I liked the PDM Chrome Tapes kit. I actually have an original jersey.
Bianchi and Saeco, simple design, love it.
I really liked the Farnese Vini from a couple seasons back. Black and that crazy Fluoro yellow.


----------



## troutmd (Sep 7, 2007)

Durt said:


> I liked the PDM Chrome Tapes kit.


Not overly complex yet colorful and a nice blend with the team "tuxedo" paint scheme on the team bike. Certainly one of the classics.


----------



## Fireform (Dec 15, 2005)

LostViking said:


> View attachment 278659


I love that kit too. I was in an informal race a few weeks ago and there was a guy in a full replica LVC kit. It gladdened my heart to see that he could haul ass.


----------



## JaeP (Mar 12, 2002)

I'm kinda prejudice towards this one.
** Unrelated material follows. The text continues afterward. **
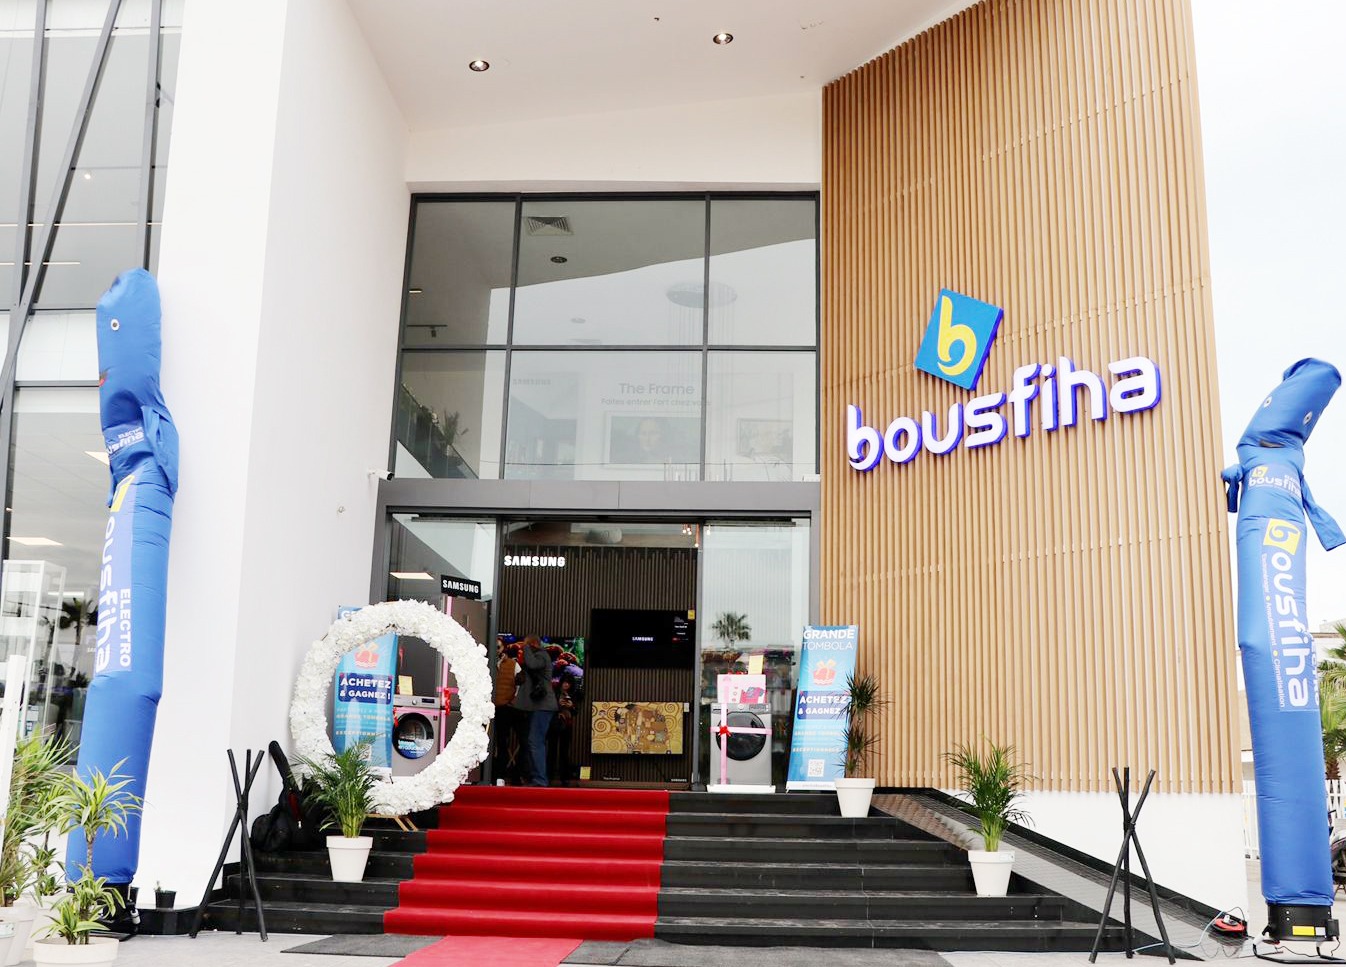 Dar Bouazza: ElectroBousfiha opens its largest Showroom

Yeah USA!


----------



## atpjunkie (Mar 23, 2002)

Fireform said:


> I love that kit too. I was in an informal race a few weeks ago and there was a guy in a full replica LVC kit. It gladdened my heart to see that he could haul ass.


I have an original. In the white section. Greg signed it "Tailwinds Forever", now I need the Badger to sign it


----------



## Fireform (Dec 15, 2005)

atpjunkie said:


> I have an original. In the white section. Greg signed it "Tailwinds Forever", now I need the Badger to sign it


Damn. Beg him to sign it in a yellow.


----------



## The Moontrane (Nov 28, 2005)

Jason303 said:


> Can't say I agree with all these choices, but it's a interesting starting point: Video: Top 10 Pro Team Kits | Road Bike News, Reviews, and Photos
> 
> I'd vote for Boonen's national team jersey
> View attachment 278620


That and the Spanish NC jerseys are my favorites. 

View attachment 278690


The team Caisse D'Epargne is sharp, too.

Mapei's jersey was in a world by itself.

View attachment 278691


----------



## SystemShock (Jun 14, 2008)

LostViking said:


> View attachment 278659




Yup, that is the one. Bestest jersey ever, with Molteni, Brooklyn and Peugeot way up there as well. :yesnod:


----------



## King Arthur (Nov 13, 2009)

Loved Once, Mapei and Saeco


----------



## King Arthur (Nov 13, 2009)

you're kidding right.......


----------



## atpjunkie (Mar 23, 2002)

The Moontrane said:


> That and the Spanish NC jerseys are my favorites.
> 
> View attachment 278690
> 
> ...


a world of fugly


----------



## cale262 (Apr 28, 2010)

View attachment 278939


----------



## 8toes (Feb 28, 2010)

JaeP said:


> I'm kinda prejudice towards this one. Yeah USA!


7-11.....Yes indeedy!!!


----------



## DCTILLER (May 9, 2009)

troutmd said:


> Not overly complex yet colorful and a nice blend with the team "tuxedo" paint scheme on the team bike. Certainly one of the classics.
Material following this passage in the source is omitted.